The tutorials…I’ve done them in my first 2hrs of using UE. That’s actually how I learned the few bits that I know (I could probably make a simple tetris now because I know how to make a simple tetris. But i don’t want to make a teris as the world has already has seen enogh tetris games :). But the tutorial only get you so far - in this case - you get a straight endless runner with some corner turns based on rotating rhe controller +90 and -90 degrees - not really impressive.
oh, and the guy uses Add Movement Input tied to inputAxis for left/right which doesn’t really help me here as i tried to do something completely different. Which works, as long as i don’t rotate my pawn
Whatever destination point on the original (central) lane you would normally have to move your character towards it, you just need to rotate the offset-vector with the control-rotation of your character before adding it to that destination - just like the 3 nodes on the left in the picture I posted earlier. If you’d rather get a direction from the destination, it’s the same principle.
I’m not particularly good at math myself and completely self-taught, but without a basic understanding of vectors and orientations in 3D space, I’m afraid you won’t get very far in making a 3D game.
well I’ve succesfully made (some abismally looking I might add) bitmap-based games a long time ago when I was a child so I can think about X-Y operations on my own, including interpolation/smoothing. It’s the 3D space that beats me, even though I’ve been 3D modeling since like 15 years now (only hobby, used my models in a work-related short movie once, but other than that never went beyond things one does is his free time). I understand 3D space, I just can’t work out the math for it and I’m too old and lazy to start now
well…I just realized that we’re both debating over linear algebra (highschool stuff and usually repeated over the 1st year of most universities. Jesus…I guess I have to wait for like 15-16 more years for my one-year-old to grow up and break it apart in bits I can follow :))

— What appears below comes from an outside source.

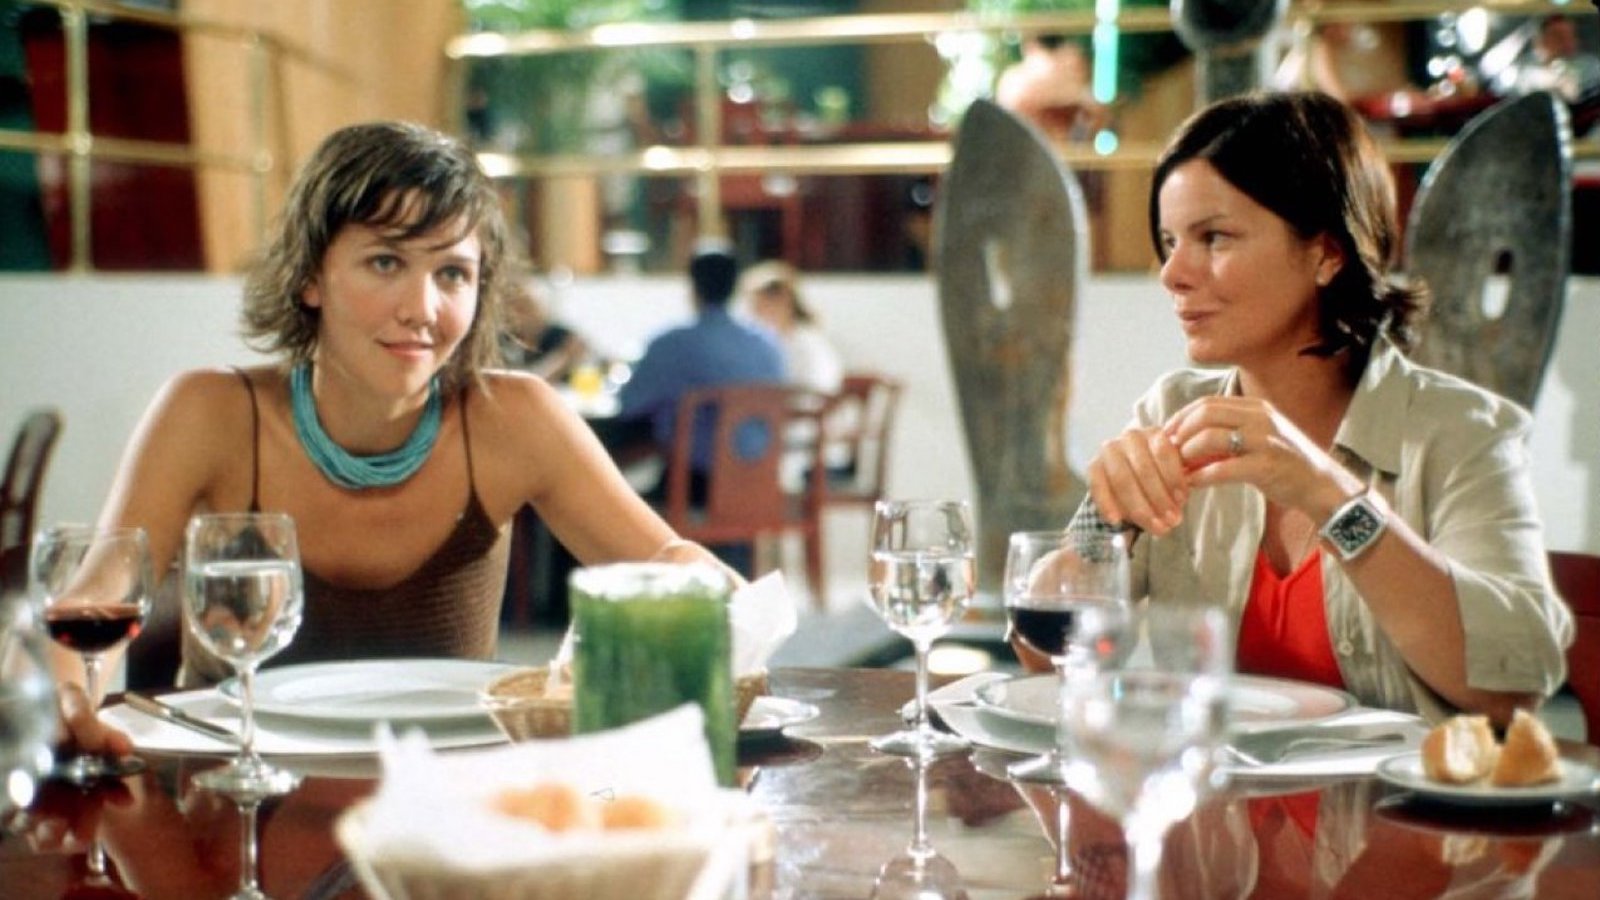 Two women sit at an outdoor table, eating and talking.

I mean in 3D modelling you have the rotation of the object and the position. That’s usually relative to the world or to the parent object. I prefer to use the world in all cases for obvious reasons. Nothing less, nothing more. it worked fine for many years for me, including in animations (and I’m talking here rigid body collisions, soft collisions, particle emitters, even fluid simulation, as little of it as I’ve done because you can’t really do fluids on a GTX card or on a single CPU. I mean sure, you can leave it crunching overnight for a few frames but it’s just silly.
Well, it’s your choice, but this stuff really isn’t that complicated. I’m not suggesting you read a book about vector math or something… You can learn it all by doing. That’s what I did. If I wanted to compute a cross-product of two vectors manually, I would look up the math on wikipedia. If I wanted to manually rotate a vector component by component, I would have to look it up as well. The math isn’t important, because there are functions (in UE4 like in every other engine) for pretty much everything (see RotateVector). You just need to know what they are good for and have some “spatial understanding”, so you know what tools you can use to accomplish certain things. If you have rigged a 3D model, you know that every bone has a transform that is relative to its parent bone, just like vertices are being positioned in bone-space. So global and local reference frames shouldn’t really be all that new to you.